Well, fair enough on the nuke setup.
Nevertheless, it was probably in the UWM's interest to preserve the ship if possible - so if someone gets to the computer, they don't wire the door so that maybe the robots get the looterpirates if they're not fast enough and the ship keeps recording observations when the people are killed and their corpses mopped up, if the computer can be bothered. And maybe they didn't count on somebody being quick (and synthfleshed) enough to just rip the braincase out of the computer before it could set off the self-destruct signal in the event of robot failure. They'd prolly try to hack it first, the rationale would go, and if robots get disabled or it looks like it's otherwise working, well, nuking time.
And the arsenal is probably a high-value spot, somewhere that looterpirates might be very interested in (as they would be in every room, being looterpirates - the Haebi, meanwhile, would spill into the arsenal eventually anyway), so it makes sense to tripwire that. Nukes are reasonably valuable as far as I'm aware.

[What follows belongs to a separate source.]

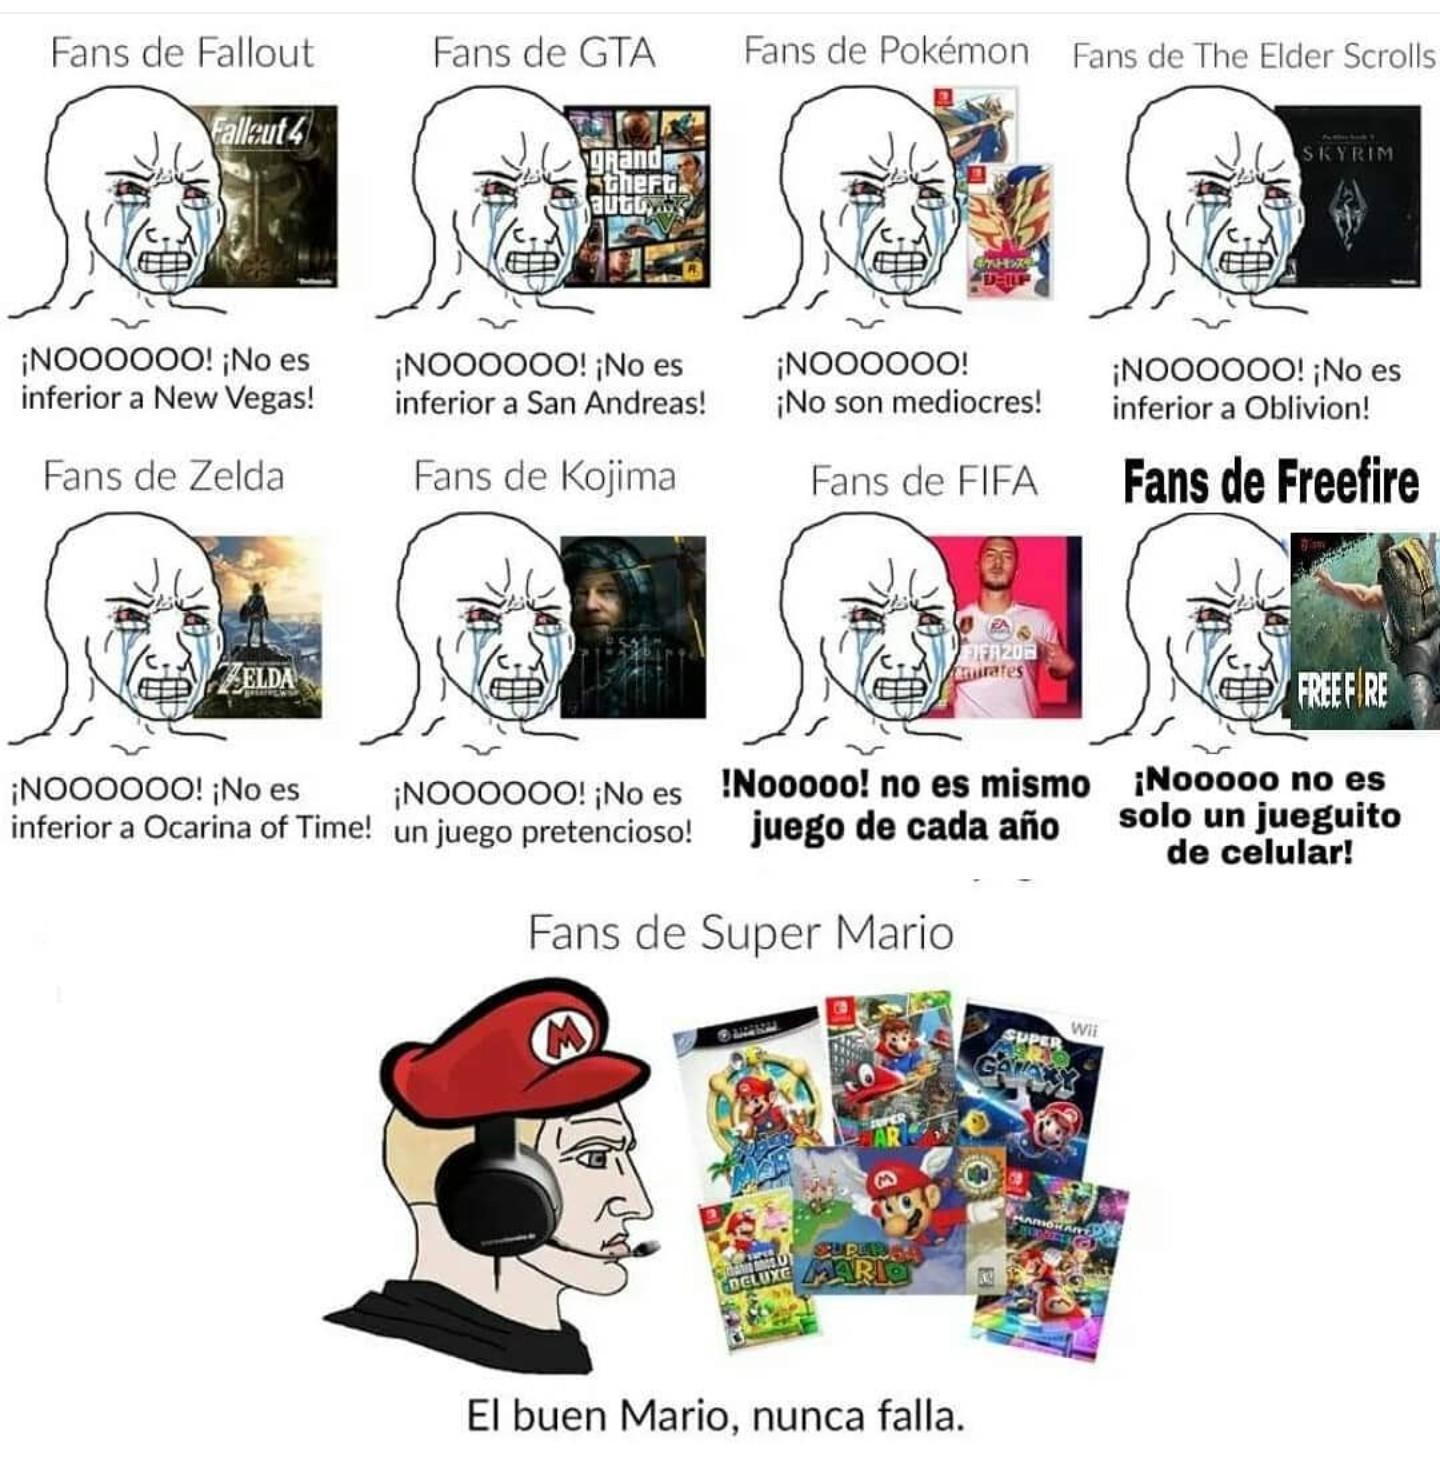 El buen Mario nunca falla - meme
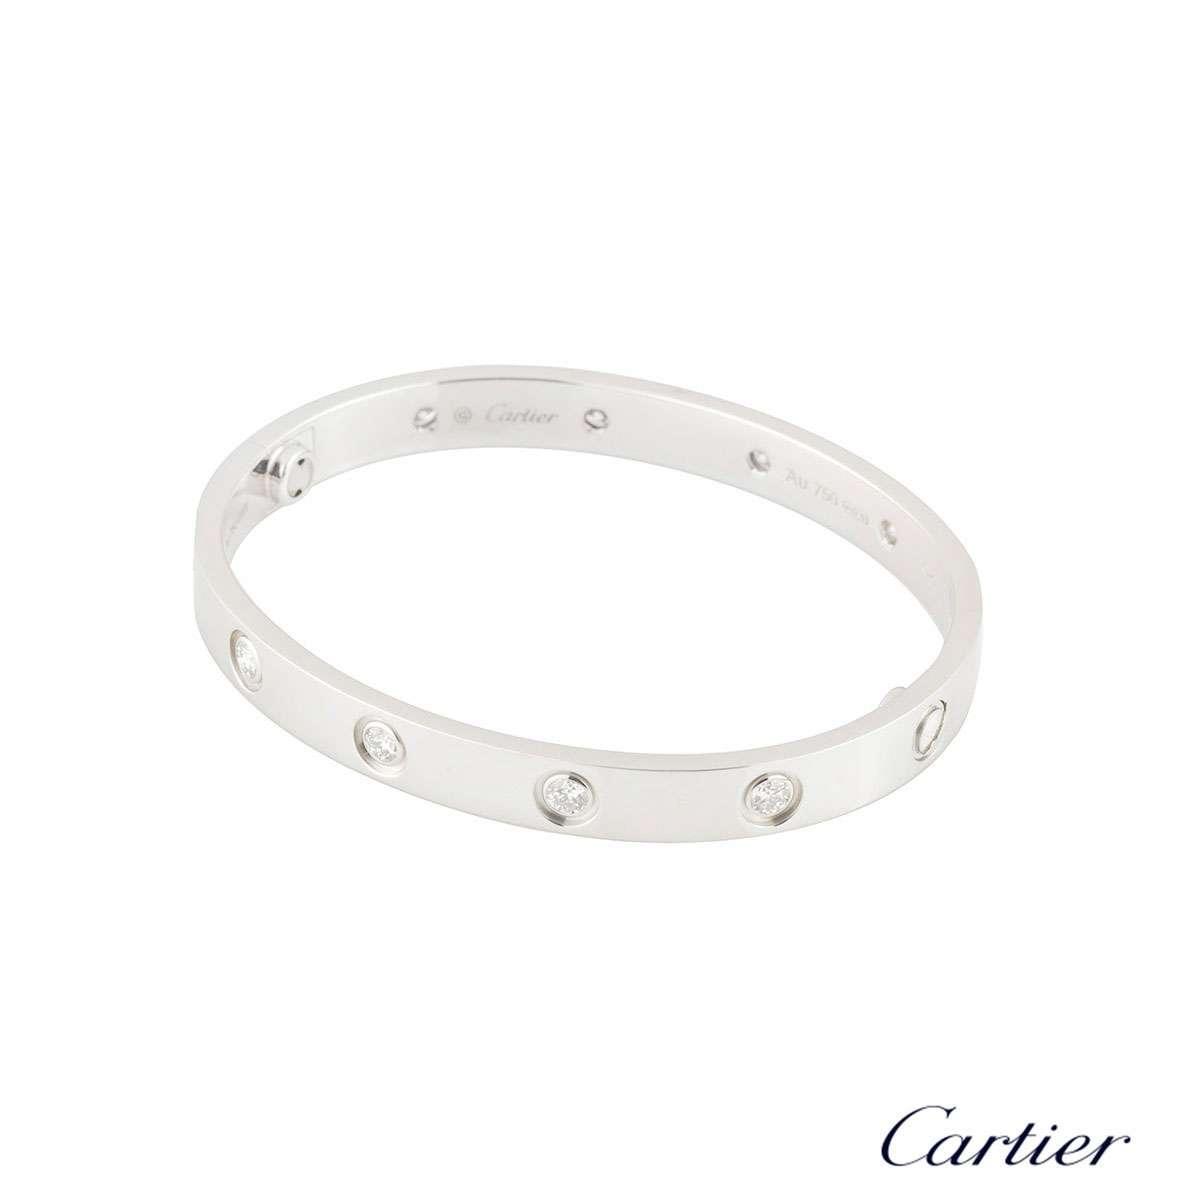 Cartier White Gold Full Diamond Love Bracelet Size 16 B6040716

No need. You just set the nukes to explode if the computer stops giving a "hey I'm alive and kicking" signal for more than a couple seconds/minutes. That way, it'd be impossible to ever disable the robots without the ship self destructing. Then the only way to win is to hack the computer into thinking all is well, while keeping up the facade it might still come out on top while you are hacking (to prevent manual self destruct). A much more watertight system than tripping some random doors not even leading to truly vital areas.